Requested change: "At the beginning of section 3, the authors say that the computation cost of kmeans scales linearly with the number of data points and dimensions. This is not true."
Reply:
We have added a sentence on the specific kmeans algorithm we use, along with the appropriate citations:
"Loyd’s kmeans algorithm [85] scales linearly with the number of data points and dimensions for each iteration. Since it usually converges quickly [86] (in our application ∼ 300 iterations are sufficient for convergence), we can apply it to large datasets with highdimensional data."

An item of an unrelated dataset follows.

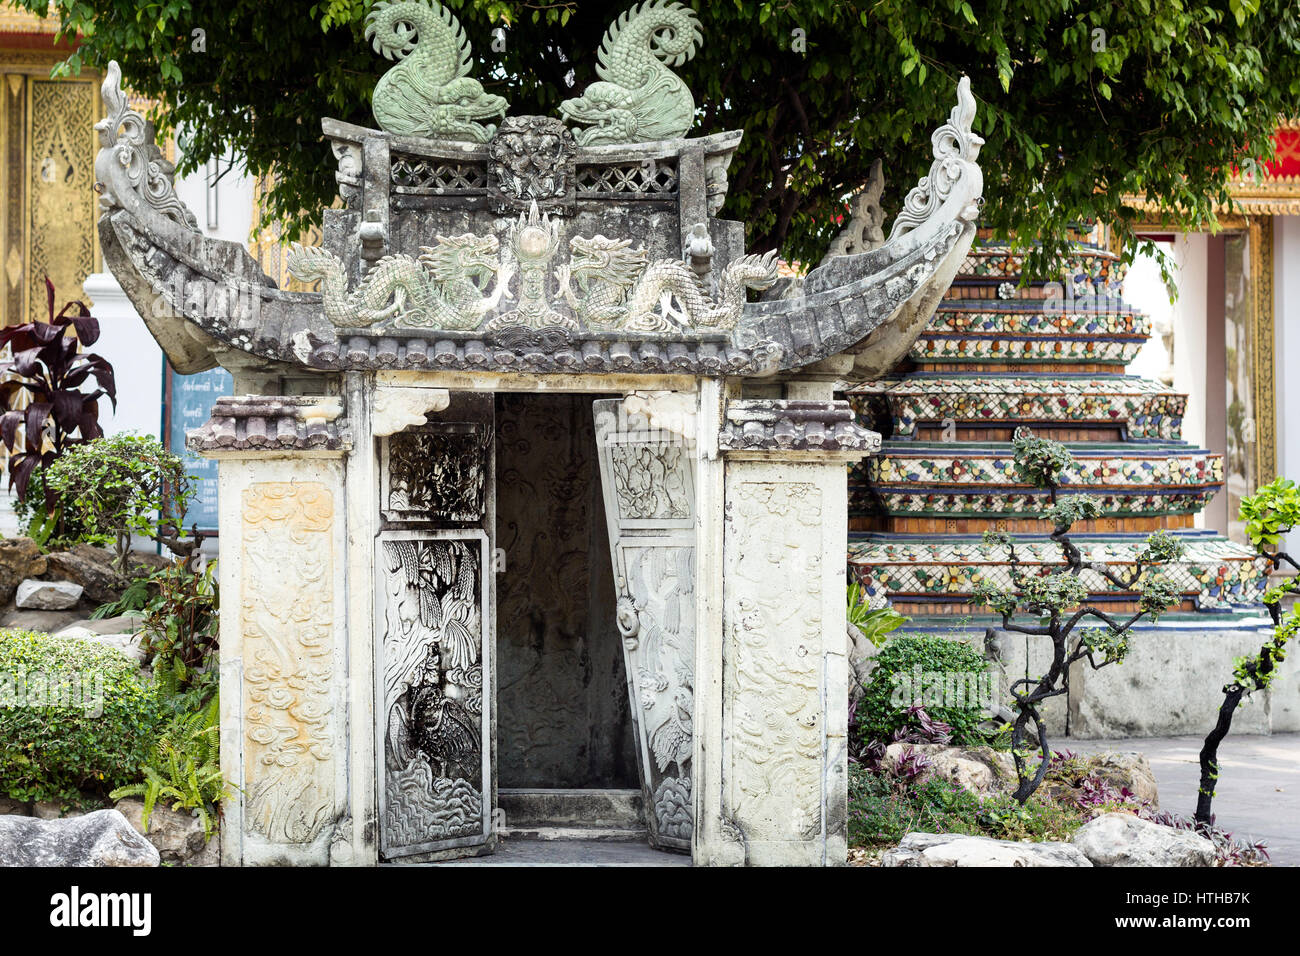 A view of a small building in the courtyard of the temple of Wat Pho in Bangkok, Tahiland. Stock Photo

Requested change: "In eq. (11), the authors should clarify what the sum over j includes. I assume it does not include all particles, just those in the cluster."
Reply:
We have added a sentence below Eq. (11) to clarify this: "(with j iterating over the vectors assigned to cluster i)".
Requested change: "On page 16, the authors should define what SeLU is."
Reply:
We have now added a citation to the original paper explaining SeLU.
Author: Thorsten Buss on 20220711 [id 2651]
(in reply to Report 2 on 20220531)Requested change: "The LHC is for more than just looking for new physics."
Reply:
We agree with the referee that our comments here may have been a bit strong, so we have edited them as suggested. In the abstract we have replaced the sentence "Searches for anomalies are the main motivation for the LHC and define key analysis steps, including triggers" with "Searches for anomalies are a significant motivation for the LHC and help define key analysis steps, including triggers". And in Sec 6 we have replaced the phrase "hints for physics beyond the Standard Model are at the heart of the LHC program" with "... are a large part of the LHC program".
Requested change: "Not all anomaly detection methods look for events with low p(x)"
Reply:
We agree with the referee here, as we have neglected to describe anomaly detection methods such as CWoLa bump hunting which do look for anomalies which produce overdensities in some distribution. We also agree that not all BSM signals are anomalies, and we have not stated this anywhere in the paper. We have added the paragraph below to Sec 1:
"This definition could also be extended to weakly supervised techniques where the signal is localised in some global observable like the invariant mass of the events, where now the background phase space distribution would need to be inferred through sideband methods. Classification Without Labels (CWoLa) [...] methods go even further and learn a likelihoodratio classifier for an anomalous signal assumed to be localised in a specific phase space region."
We do also state in Sec 6 that density estimation is the basis of MLbased anomaly searches at the LHC, and this is true both for outofdistribution anomalies and for overdensities, where in the latter case the ANODE and CATHODE methods use density estimation heavily in their approaches.
Requested change: "p(x) is not coordinate invariant."
Reply:
We completely agree, and this was indeed one of main conclusions and take aways from this work. With the dark jets examples we explicitly intended to check how modelagnostic we could be for such a tricky signal type. This may not have been clear, so we have added this sentence to the abstract ", and discuss the modeldependence in choosing an appropriate data parameterisation". This has already been pointed at the end of Sec 1 with the sentence "a sizeable dependence on the preprocessing of the respective datasets, specifically the reweighting of the inputs.", and in the conclusions we elaborate by saying "Preprocessing is important for all of them, and has a very significant impact on the performances. This is because we define the anomalies as those jets that lie in low density regions of physics space, and the preprocessing alters this density, therefore it changes how the anomalies are defined".
We thank the referee for their comments and hope that the changes we have made meet their requirements.